We measured differences in complexity between model-based and model-free learning strategies for a canonical learning task and report four main findings. First, human subject tendencies towards either model-free or model-based strategies were both associated with higher information complexity, a measure of the flexibility with which different patterns of past observations were used to guide choices. Second, while these increases in information complexity did not affect average reward obtained, they were associated with choices that had higher predictive accuracy of subsequent task features. Third, these increases in information complexity were associated with longer RTs, irrespective of whether the source of increased information complexity was based on a model-free or model-based strategy. Fourth, these similarities were apparent despite the two strategy types using very different task features to drive learning: subjects using more model-free strategies tended to learn by associating past first responses with reward, whereas subjects using more model-based strategies tended to use the inferred, latent transition probabilities between the first and second states.

Our results highlight the importance of distinguishing different forms of complexity, in particular distinguishing computational complexity, which measures resource demands, from information complexity, which measures strategic flexibility. These two forms of complexity covary under some, but not all, conditions. For example, increasing computational complexity by providing more computational resources can, in principle, support increased flexibility in how information is processed and therefore higher information complexity if these computations are used to expand the feature space over which inference is performed (Feldman & Crutchfield, 1998; Griffiths & Tenenbaum, 2003). However, as we showed, this relationship does not always hold: a standard model-free learning algorithm, although less computationally complex, can be equally or more information complex relative to a standard model-based learning algorithm.

More generally, our analyses of information complexity oppose the notion that model-free decision strategies are necessarily more automatic, inflexible, and habitual than model-based strategies, at least for human subjects performing the two-step task (Daw et al., 2011; Decker et al., 2016; Eppinger et al., 2013; Gläscher et al., 2010; Pauli et al., 2018). Both model-based and model-free strategies were associated with increases in information complexity, even if the specific information being encoded differed. Moreover, increases in information complexity for both model-free or model-based strategies were accompanied by similar increases in mean RT. Given that shorter RTs have been associated with habitual, automatic processing, such as for certain forms of statistical learning (Filipowicz, Anderson, & Danckert, 2014; Jabar, Filipowicz, & Anderson, 2017a, 2017b; Nissen & Bullemer, 1987; Robertson, 2007; Turk-Browne, Jungé, & Scholl, 2005), these results imply that the primary difference between model-free versus model-based strategies is not automaticity versus flexibility. Instead, both strategies can make flexible use of past task features to guide future behavior, but model-free strategies focus more on observed task features (e.g., responses, rewards, stimuli), whereas model-based strategies focus more on latent task features (e.g., transition structures).
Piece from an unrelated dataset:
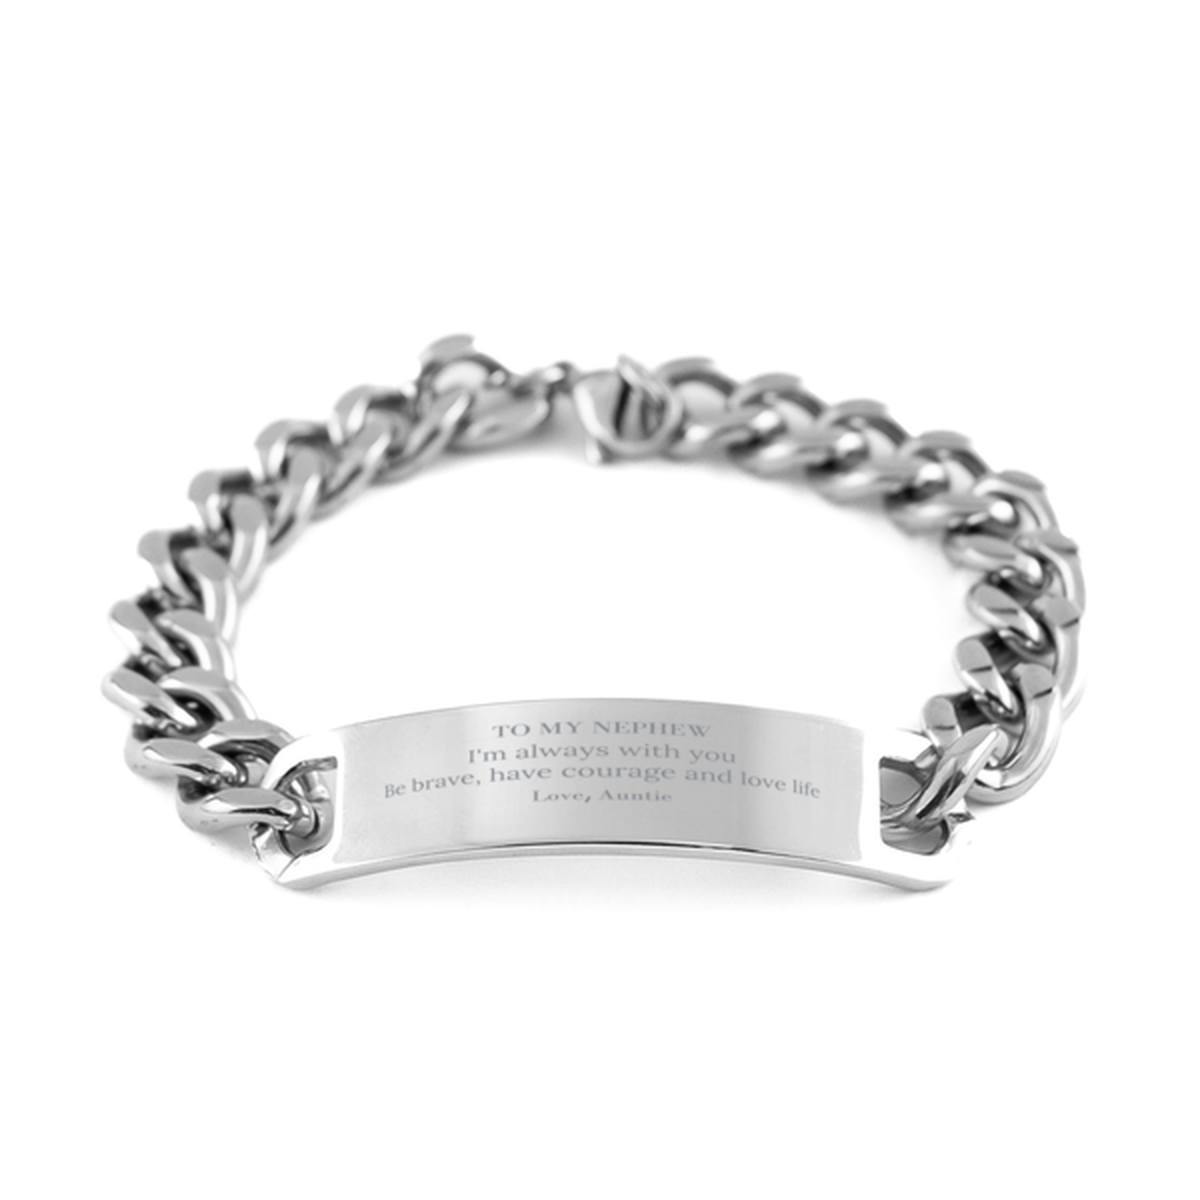 To My Nephew Gifts from Auntie, Unique Cuban Chain Stainless Steel Bracelet Inspirational Christmas Birthday Graduation Gifts for Nephew I'm always with you. Be brave, have courage and love life. Love, Auntie

Our results also highlight the usefulness of information-based metrics for assessing the nature of the strategy used by individual subjects. Although these metrics do not require an explicit model of the underlying strategy, we showed that they can be used to identify specific task features that drive learning. As predicted by a model-free algorithm, subjects with strong model-free tendencies tended to rely on their previous first-level choice. Conversely, subjects with strong model-based tendencies tended to rely on the inferred transition between the first and second states. However, those subjects also relied on the previous first-level choices to a degree that was not predicted by standard model-based algorithms. This discrepancy likely reflects a high diversity of model-based strategies used by participants for this task, which can appear similarly model-based even if they differ substantially from the common model-based algorithm used to fit their responses (Akam et al., 2015; da Silva & Hare, 2020). Moreover, there are likely substantial individual differences in the exact nature of these strategies, making it even more difficult to assess their computational complexity (da Silva & Hare, 2020). A more extensive information-based analysis of the features used by subjects on these kinds of tasks to drive learning might help inform our understanding of the specific model-based strategies they use.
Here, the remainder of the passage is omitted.